• [WORK INSTRUCTION]
Please give all of the data again, character for character, and drop the pictures.

• [RECORDED DATA]
--------------------

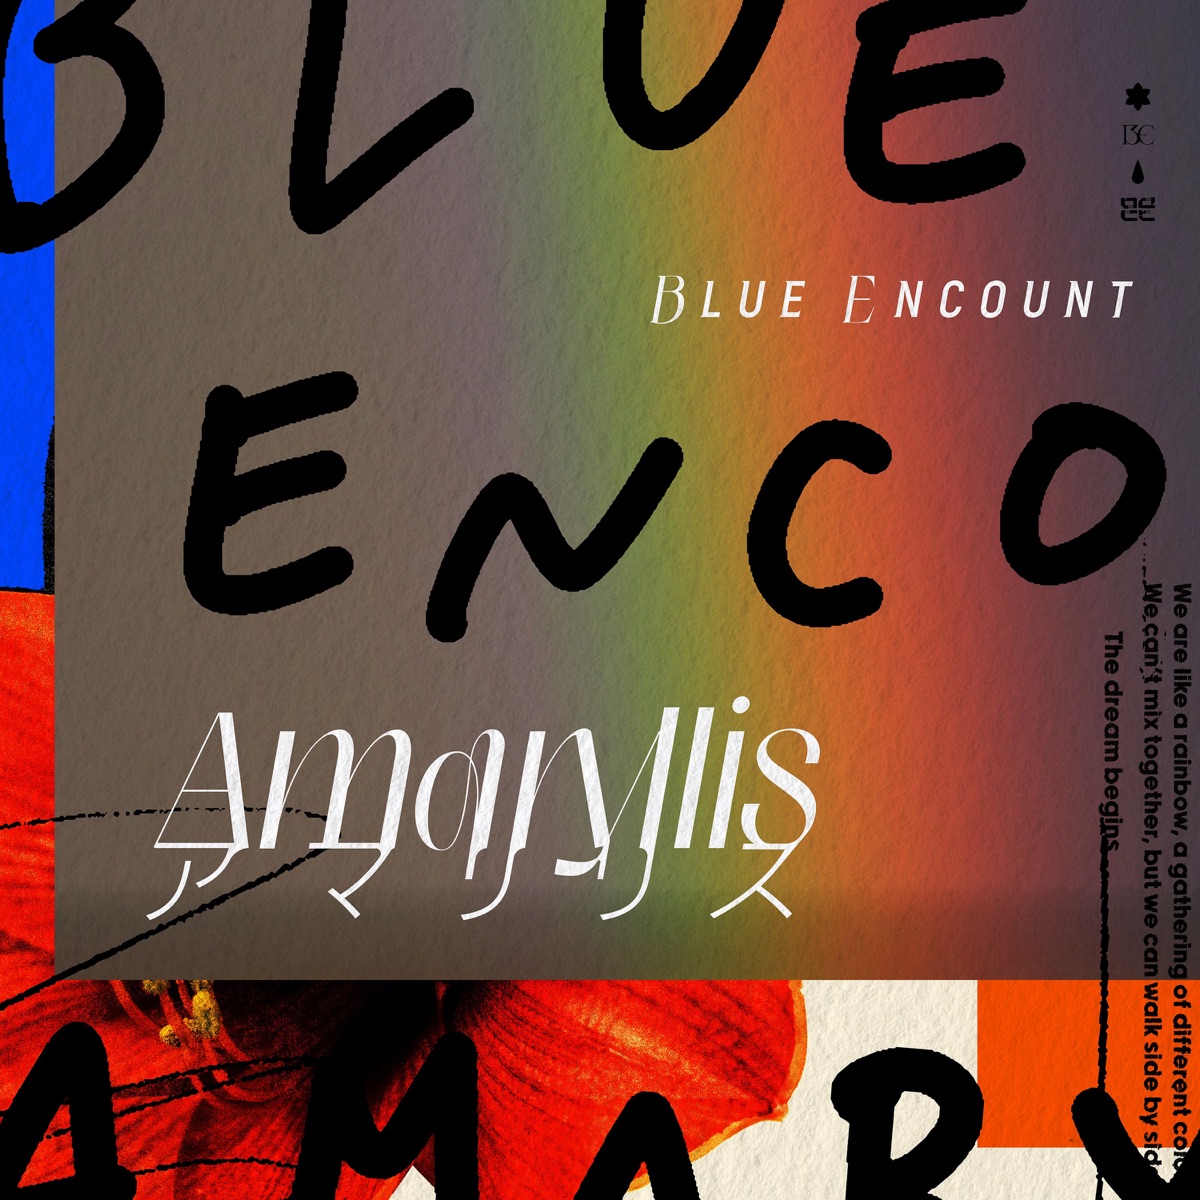 Cover art for『BLUE ENCOUNT - ghosted』from the release『Amaryllis
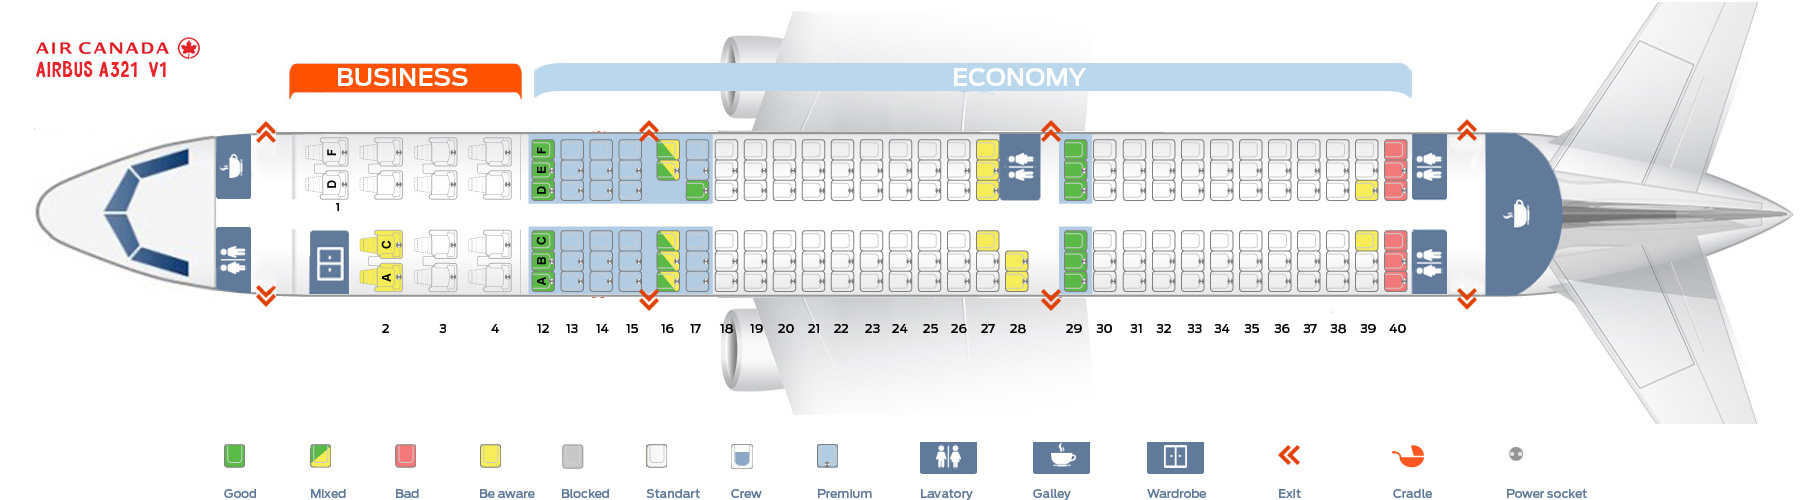 Air Canada Seating Chart With Seat Numbers
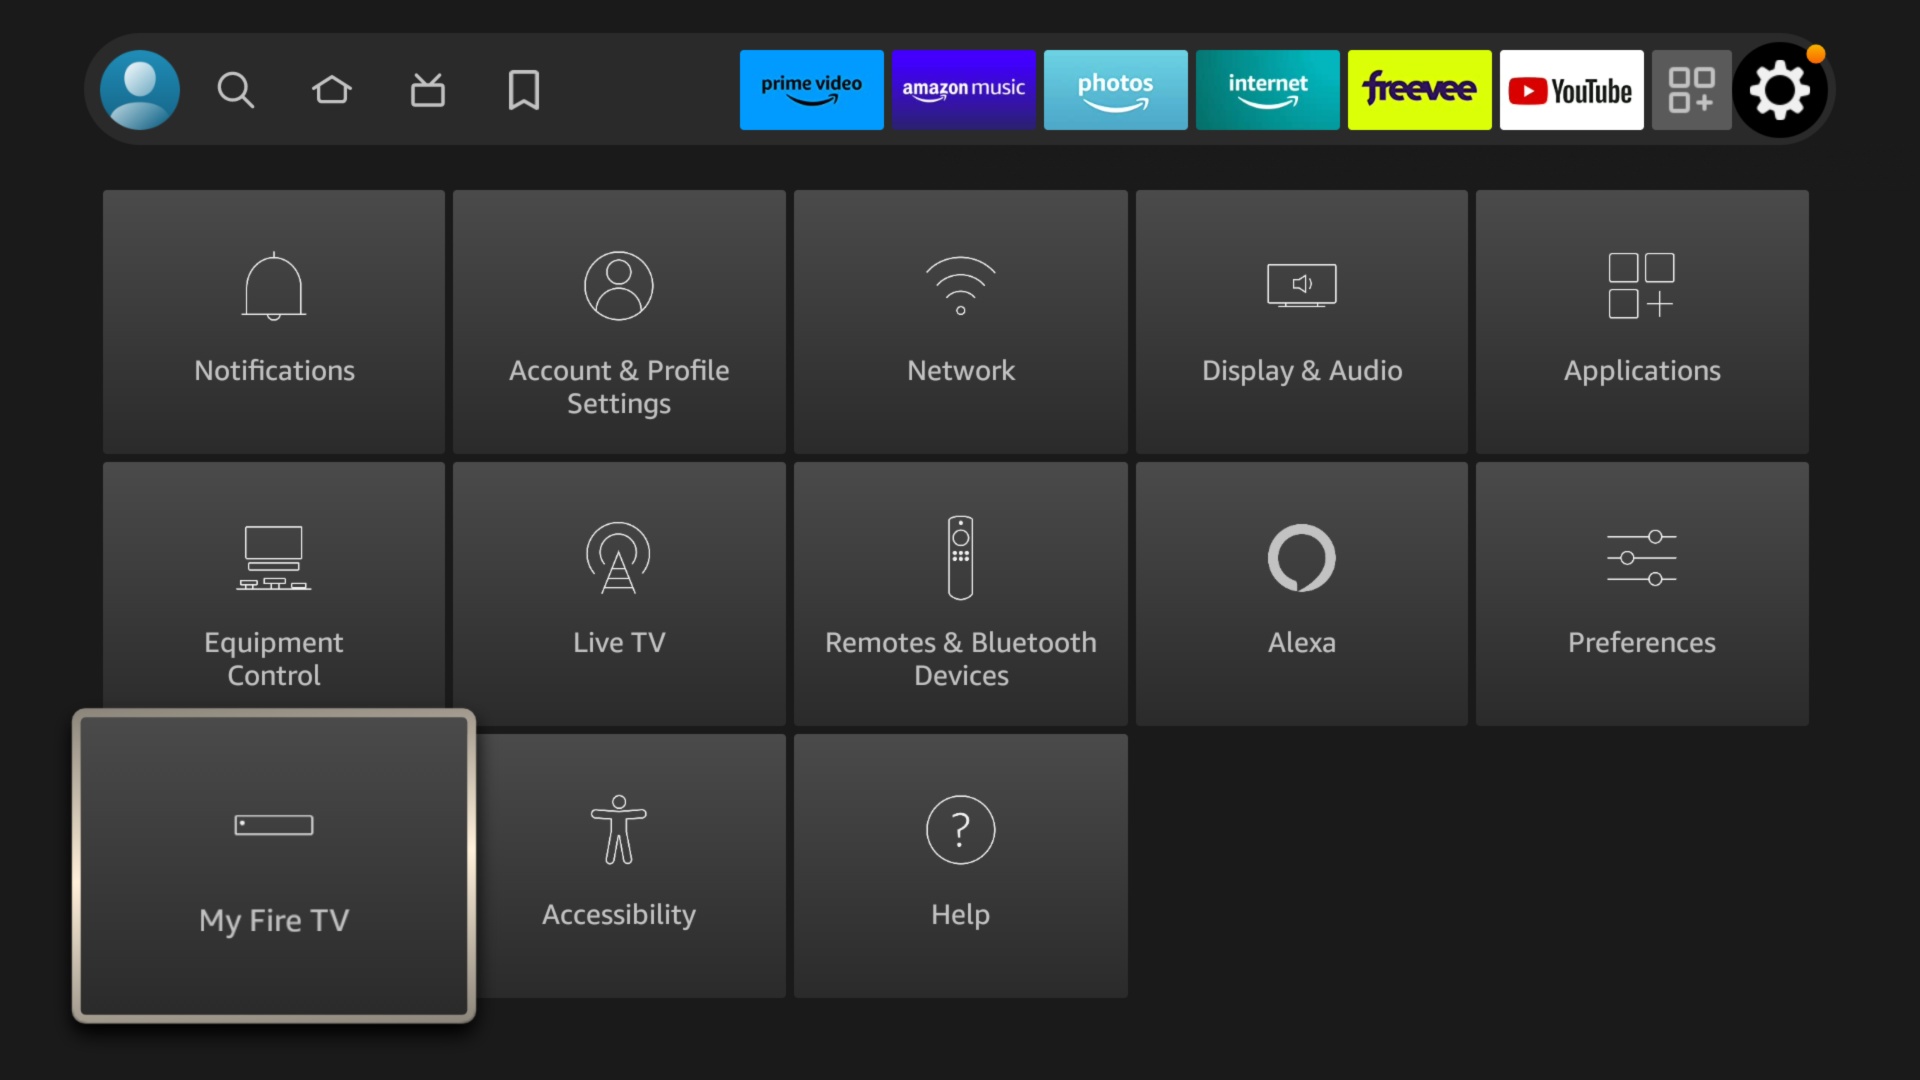 How to install unknown apps on Fire TV Stick?

--------------------

• [EXERCISE ANSWER]
 Cover art for『BLUE ENCOUNT - ghosted』from the release『Amaryllis
 Air Canada Seating Chart With Seat Numbers
 How to install unknown apps on Fire TV Stick?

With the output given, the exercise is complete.